The year end balances in a company’s lifo reserve were 50 million for both 2006 and 2007. For 2007, the measure that will most likely be the same regardless of whether the company used the LIFO or FIFO inventory method is the: A. current ratio B. inventory turnover C. gross profit margin D. amount of working capital

Choice B

why choice B? I can talk myself in and out of practically A,B,C and D. I guess the question is: if there is no change in the eding lifo reserve, what will change less: COGS or INVENTORY?

COGS_FIFO = COGS_LIFO - change in LIFO Reserve so, COGS_FIFO = COGS_LIFO If COGS are the same, the Inventory Turnover = COGS/Avg Inventory The question is whether: 1) Inventory at begining of period is same whether you use LIFO or FIFO, and 2) Inventory at end of period is same whether you use LIFO or FIFO? That gets hard to manage! However, Net Profit is the same for sure because: NI_FIFO = NI_LIFO + change in LIFO_Reserve = NI_LIFO Gross profit? Should be same as NI, so answer is C.

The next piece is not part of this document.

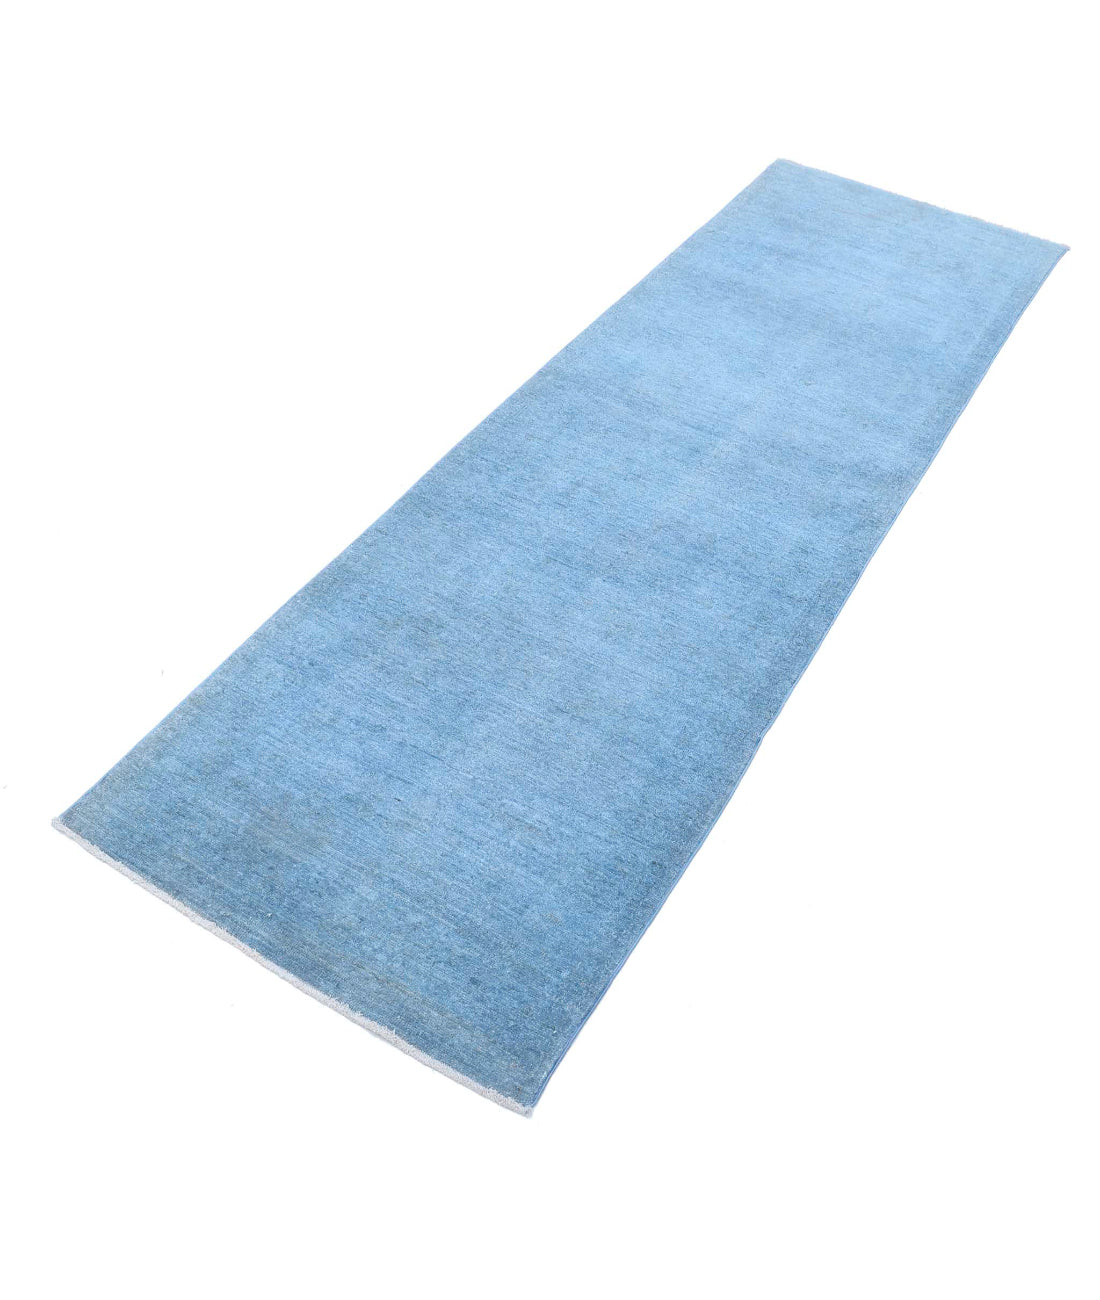 Overdye 2'6'' X 8'2'' Hand-Knotted Wool Rug 2'6'' x 8'2'' (75 X 245) / Blue / N/A

My guess is NO CHANGE IN GPM because if there is no change in ending lifo reserve, that means there is no change in COGS. If cogs is same, then GPM will be the same because GPM = (sales - cogs)

do you have official answer? my guess is C. inventory trunover and change in working capital must change when using different inventory methods. and is working capital changing then Current ratio will change too?